Embeddings are computed for every image in the input.

Parameters

imagenp.ndarray [shape=(H, W, C) or (N, H, W, C)] or list[np.ndarray]: 3D or 4D numpy array of image data. If the images are not 224x224, the images are resized so that the smallest size is 256 and then the center 224x224 patch is extracted from the images. Any type is accepted, and will be converted to np.float32 in the range [-1,1]. Signed data-types are assumed to take on negative values. A list of image arrays can also be provided.
frame_rateint or list[int] or None: Video frame rate (if applicable), which if provided results in a timestamp array being returned. A list of frame rates can also be provided. If None, no timestamp array is returned.
modeltf.keras.Model or None: Loaded model object. If a model is provided, then input_repr, content_type, and embedding_size will be ignored. If None is provided, the model will be loaded using the provided values of input_repr, content_type and embedding_size.
input_repr“linear”, “mel128”, or “mel256”: Spectrogram representation used for to train audio part of embedding model. Ignored if model is a valid Keras model.
content_type“music” or “env”: Type of content used to train the embedding model. Ignored if model is a valid Keras model.
embedding_size8192 or 512: Embedding dimensionality. Ignored if model is a valid Keras model.
batch_sizeint: Batch size used for input to embedding model
verbosebool: If True, prints verbose messages.

Returns

embeddingnp.ndarray [shape=(N, D)]: Array of embeddings for each frame.
timestampsnp.ndarray [shape=(N,)]: Array of timestamps for each frame. If frame_rate is None, this is not returned.

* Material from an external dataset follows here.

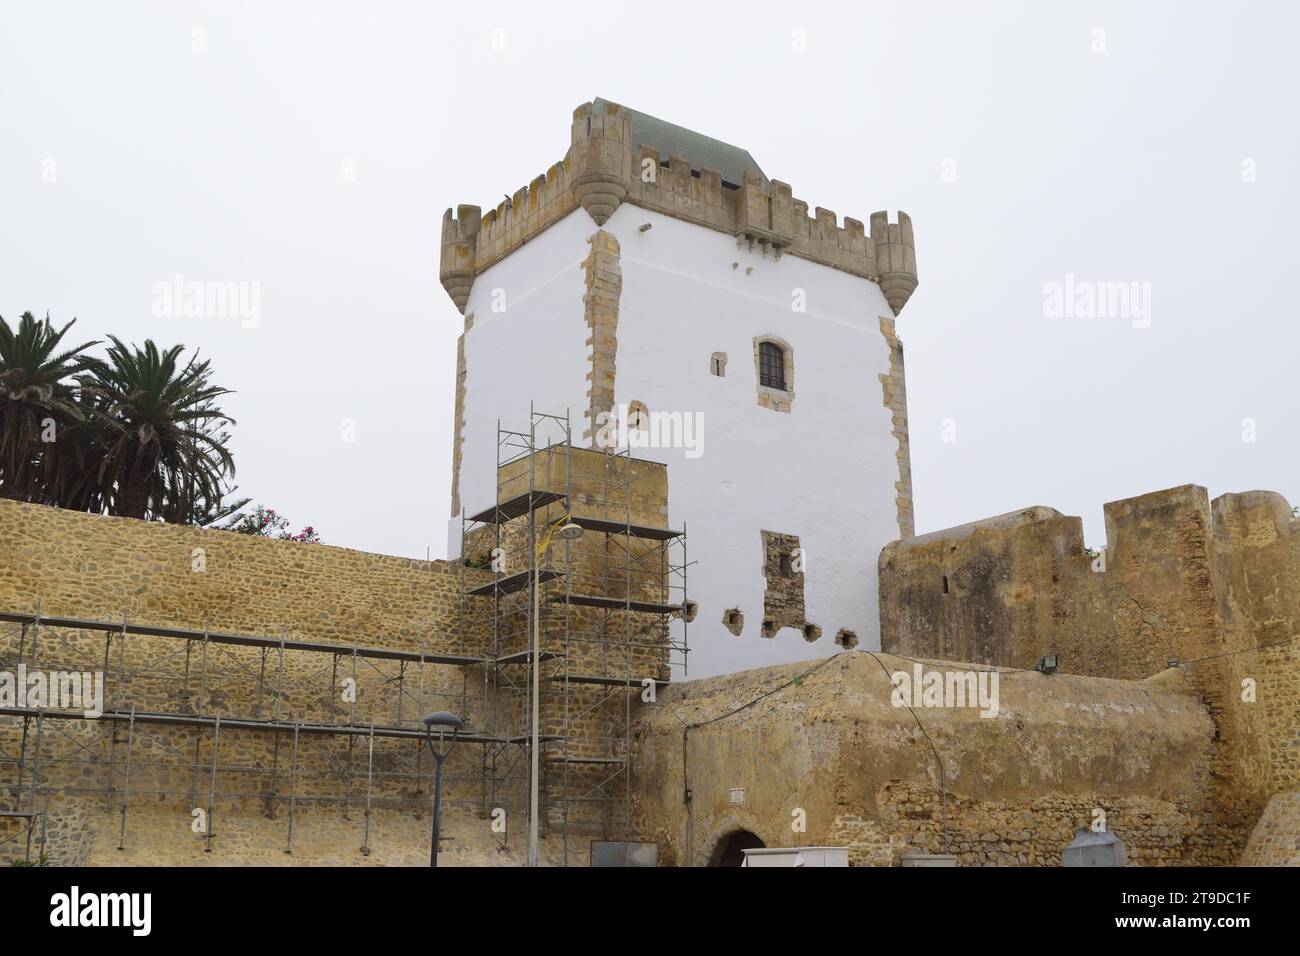 La foto non curata mostra impalcature per il rinnovo e la ristrutturazione di vecchi edifici storici, le mura della torre del castello Foto Stock

openl3.core.get_output_path(filepath, suffix, output_dir=None)[source]¶

Returns path to output file corresponding to the given input file.

Parameters

filepathstr: Path to audio file to be processed
suffixstr: String to append to filename (including extension)
output_dirstr or None: Path to directory where file will be saved. If None, will use directory of given filepath.

Returns

output_pathstr: Path to output file

openl3.core.preprocess_audio(audio, sr, hop_size=0.1, input_repr=None, center=True, **kw)[source]¶

Preprocess the audio into a format compatible with the model.

Parameters

audionp.ndarray [shape=(N,) or (N,C)] or list[np.ndarray]: 1D numpy array of audio data or list of audio arrays for multiple inputs.
srint or list[int]: Sampling rate, or list of sampling rates. If not 48kHz audio will be resampled.
hop_sizefloat: Hop size in seconds.
input_reprstr or None: Spectrogram representation used for model. If input_repr, is None, then no spectrogram is computed and it is assumed that the model contains the details about the input representation.
centerboolean: If True, pads beginning of signal so timestamps correspond to center of window.

Returns

input_data (np.ndarray): The preprocessed audio. Depending on: the value of input_repr, it will be np.ndarray[batch, time, frequency, 1] if a valid input representation is provided, or np.ndarray[batch, time, 1] if no input_repr is provided.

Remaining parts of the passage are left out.